We provide insights into the mechanisms underlying a few spl-TRs (Fig. 3). However, the mechanisms of most spl-TRs are unknown, and their comprehensive exploration by experiments is laborious and unfeasible. Perturbation methods for deep learning models theoretically enable this, and indeed SpliceAI might disentangle the roles of DNA sequence in TR-mediated splicing (Supplemental Fig. S6), although SpliceAI is based solely on DNA sequences and does not give any clues to the roles of other factors such as RBPs. One solution to this is to construct another deep learning model using transcriptome data after the knockdown of each RBP or a model considering RBP binding sites as well as DNA sequences. Perturbations of these models should lead to comprehensive elucidation of TR-mediated splicing mechanisms.
Although the TR–splicing associations in our catalog are based on the range of polymorphic repeat lengths (>1% MAF), the associations in CACNA1A and PPP2R2B that we detected are in agreement with those observed in repeat expansion diseases (Fig. 4). Effects of TR dosage on splicing may be linear across broad ranges. Previous studies reported abnormal splicing events in a few repeat expansion diseases such as Huntington's disease, C9orf72 amyotrophic lateral sclerosis and frontotemporal dementia, myotonic dystrophy type 2, and Fuchs endothelial corneal dystrophy (Neueder et al. 2017; Sznajder et al. 2018). However, we could not confirm these trends in the GTEx population because GangSTR could not confidently genotype these loci, thereby warranting QTL studies based on long-read technologies as discussed below. These TR-related splicing abnormalities could be alleviated by targeting the TRs with antisense oligonucleotides because the TRs may be bound by RBPs altering the splicing. Thus, our catalog may give insights into pathomechanisms and, at the same time, potential therapeutic targets for repeat expansion diseases.

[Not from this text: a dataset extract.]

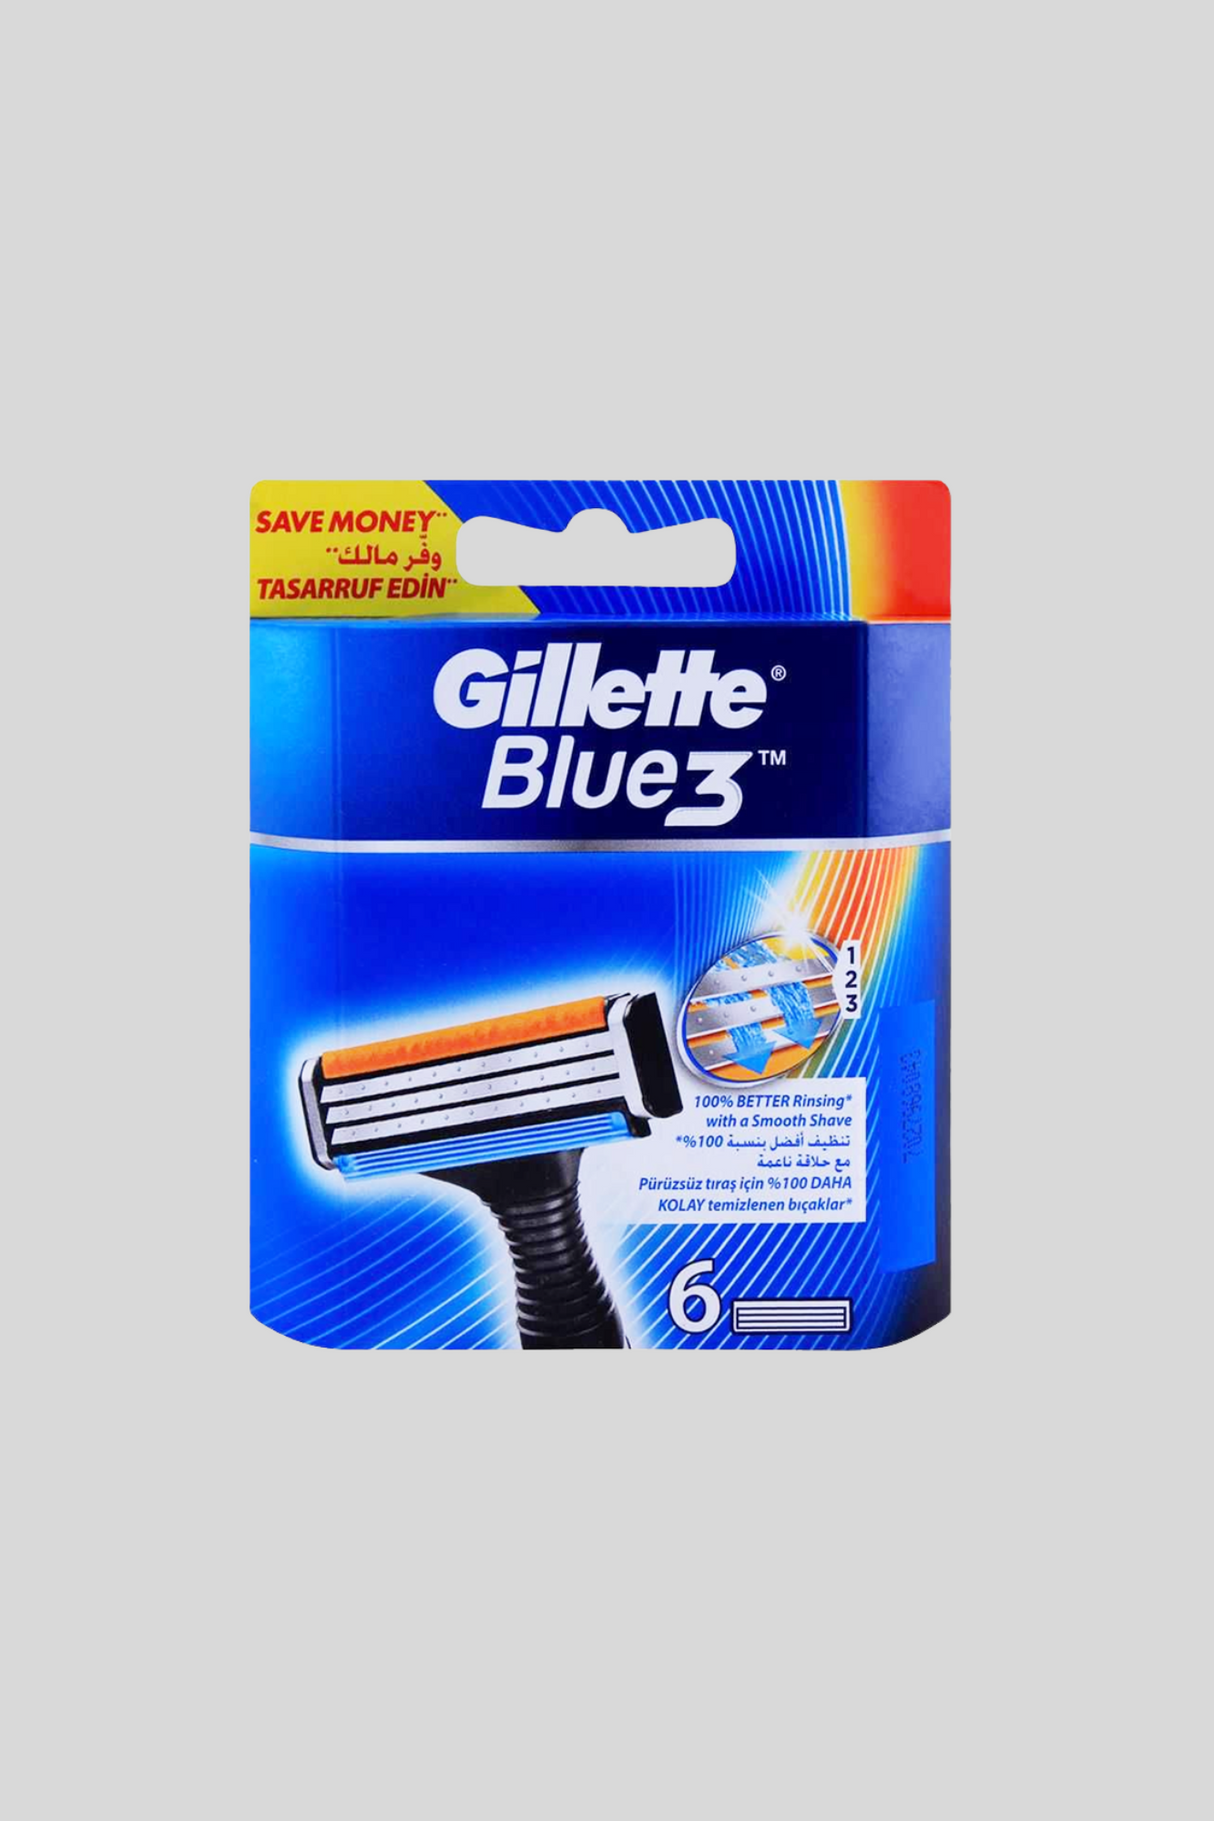 gillette blade blue3 6p

We did not investigate the relevance of spl-TRs to common diseases because multiallelic sites such as TRs are not considered in conventional genome-wide association studies employing microarrays. However, WGS-based studies for common diseases will increasingly be conducted in the National Heart, Lung, and Blood Institute (NHLBI) Trans-Omics for Precision Medicine (TOPMed) project, and the UK Biobank (Hu et al. 2021), which should eventually detect many susceptible TR loci. For the interpretation of their working mechanisms, our catalog will be an invaluable resource.
To maximize the benefit of these applications, our spl-TR catalog should be further expanded. Our catalog is based on GangSTR, which assesses TRs detected by the Tandem Repeats Finder (Mousavi et al. 2019). As many as 14,000 novel TR loci, not in the Tandem Repeats Finder list, were discovered in a previous study (Trost et al. 2020), and thus it is clear that our analysis in this study is unlikely to have covered all TR loci. Moreover, tools sizing TRs with more than 20 bp motifs, which GangSTR does not capture, have become increasingly available (Bakhtiari et al. 2021; Eslami Rasekh et al. 2021; Lu et al. 2021). More TRs are undoubtedly accessible by long-read WGS, although its high cost currently hampers large-scale QTL studies based on it. Thus, new informatics and sequencing technologies will enable the identification of more spl-TRs.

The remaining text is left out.